Bone morphogenetic proteins (BMPs), a family of signaling molecules, are considered to be a central factor present in the bone matrix. Originally discovered by Urist, they have been shown to affect a wide variety of cell types and processes beyond bone and osteogenesis. They are important morphogens in embryogenesis and development and also regulate the maintenance of adult tissue homeostasis. The loss of alveolar bone is a common consequence of periodontal disease. The regeneration of periodontal structures requires an environment consisting of cells, scaffold, and signaling molecules. The emergence of tissue engineering has enabled the mass production of BMPs, to be utilized refining the biomimetic scaffolds, thus facilitating an alternative to treatment approach in bone regeneration lost due to the disease process. This review discusses the critical data on the discovery of BMPs, its structure, mechanisms of action, and potential therapeutic application in periodontal regeneration.

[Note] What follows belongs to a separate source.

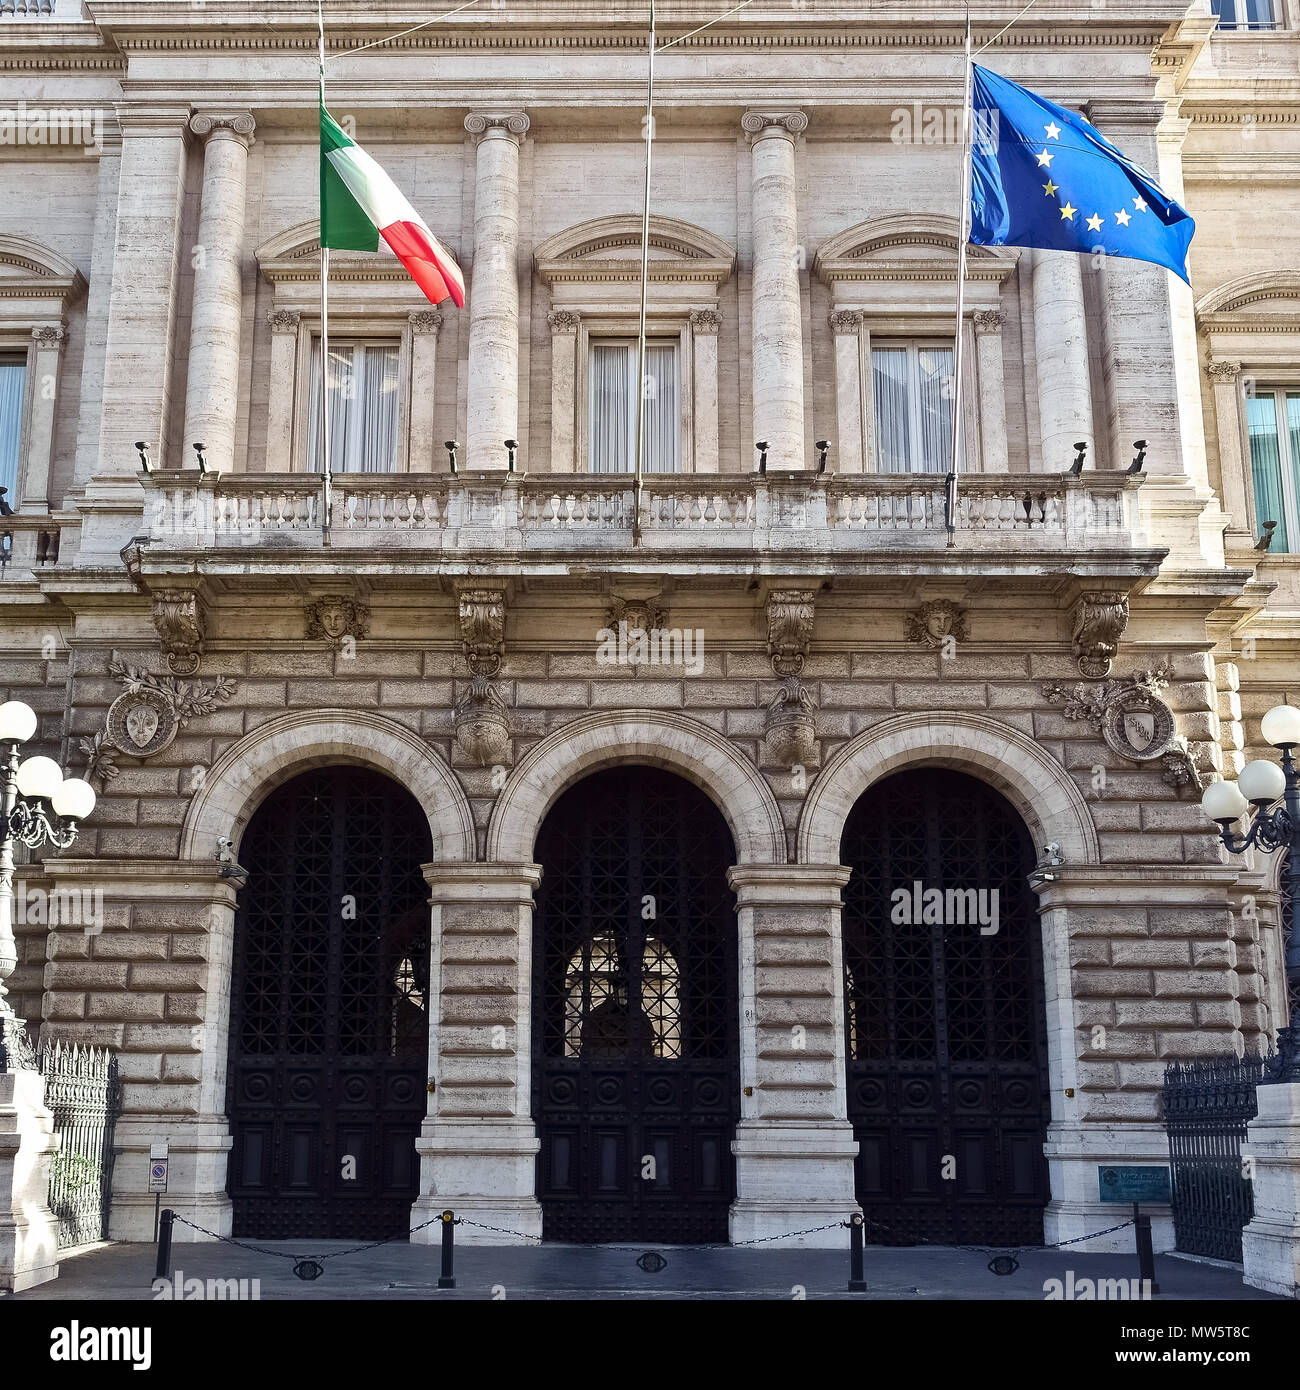 Banco central de italia fotografías e imágenes de alta resolución - Alamy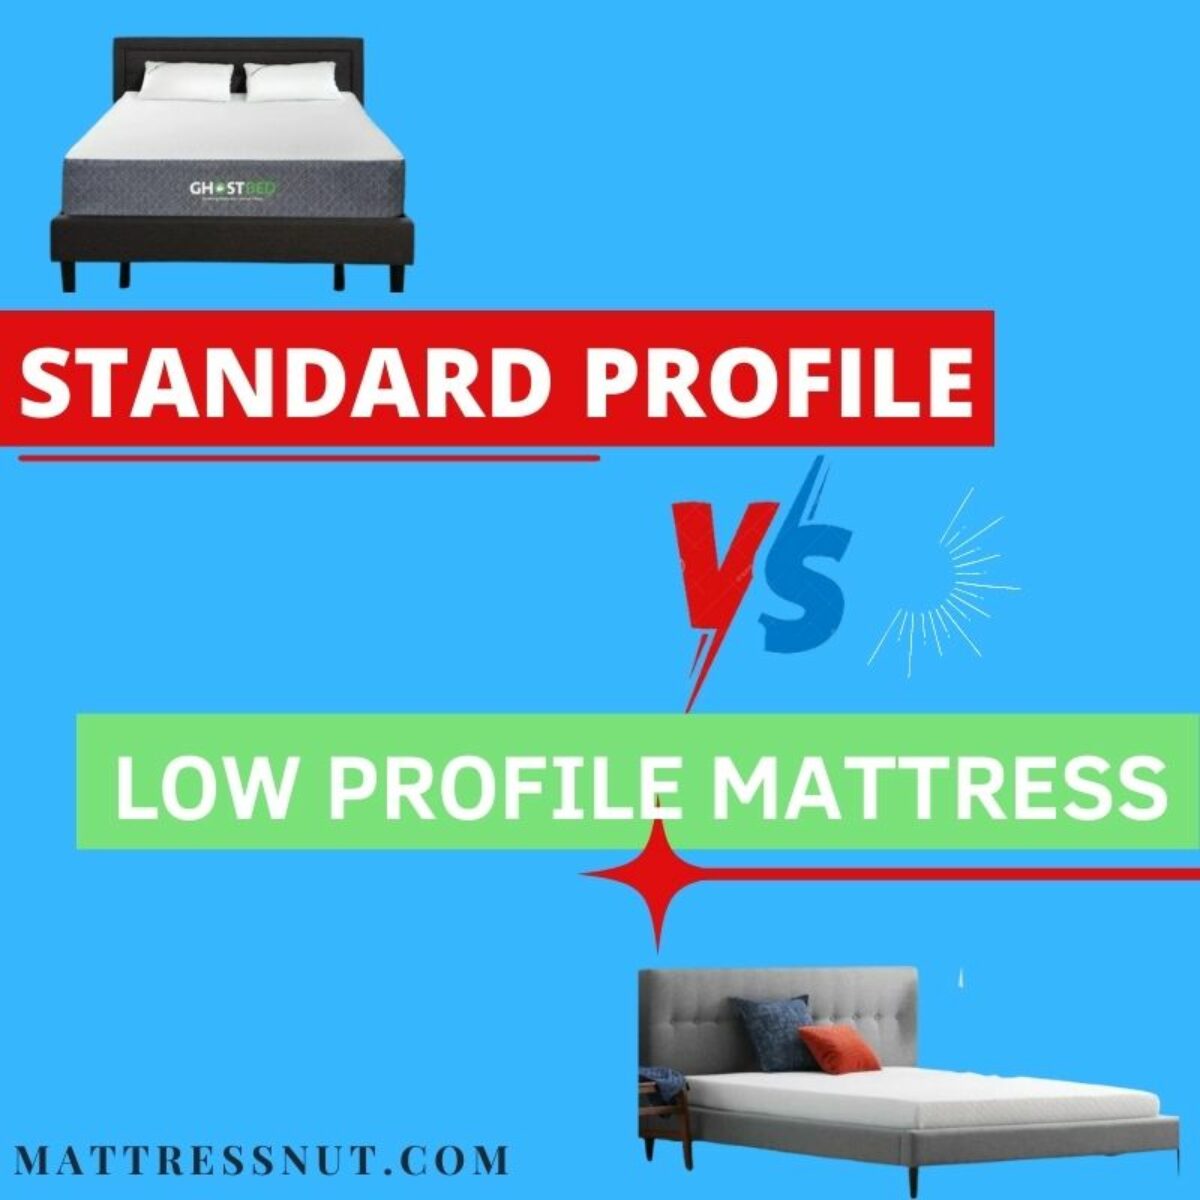 Benefits Of A Standard Profile Mattress

Keywords: Bone; bone morphogenetic proteins; periodontal regeneration; periodontitis


How to cite this article:
Sharma H, Sharma A. Bone morphogenetic proteins: Revivifying periodontium. Indian J Multidiscip Dent 2019;9:58-63

How to cite this URL:
Sharma H, Sharma A. Bone morphogenetic proteins: Revivifying periodontium. Indian J Multidiscip Dent [serial online] 2019 [cited 2024 Mar 19];9:58-63. Available from: https://www.ijmdent.com/text.asp?2019/9/1/58/268987




  Introduction Top


Regeneration of the lost periodontal structures constitutes a complex process. It is regulated by the interaction between cells, hormones, growth factors, and extracellular matrices. Periodontitis is an chronic inflammatory disease, caused by a group of specific microorganisms, resulting in progressive destruction of the periodontium, including periodontal ligament and alveolar bone, and ultimately, leading to tooth mobility and tooth loss.[1]

Earlier introduced nonsurgical techniques were able to halt the disease progression; however; they were not able to regenerate the lost tissue completely.[2] Therefore, it became necessary to establish a new treatment along with the conventional nonsurgical modality for suppressing the further progression of periodontitis and helping in regeneration and repair of the lost periodontal tissue. This leads the researchers to develop various techniques utilizing autogenous bone grafts, allografts, xenografts, and various alloplasts.[3] However, these techniques also revealed limited success in periodontal regeneration. Therefore, various procedures were developed utilizing biological mediators and tissue engineering techniques. These techniques helped to isolate various growth factors including bone morphogenetic proteins (BMPs).[4]

BMPs are a group of multifunctional growth factors, belonging to transforming growth factor-beta (TGF-β) superfamily.[5] Dr. Marshall Urist first reported the activity of BMPs in the 1960s and considered them to be a central factor present in the bone matrix, responsible for de novo bone formation that could only be utilized after the 1980s when the purification and cloning techniques of human BMPs came into existence. BMPs have shown to play an important role in regulating the growth, differentiation, and apoptosis of various cell types, including osteoblasts, chondroblasts, neural cells, and epithelial cells, depending on the cellular microenvironment and the interaction with other regulatory factors.[6] Hence, this review is an attempt to summarize the characteristics and various applications of BMPs in periodontoloy.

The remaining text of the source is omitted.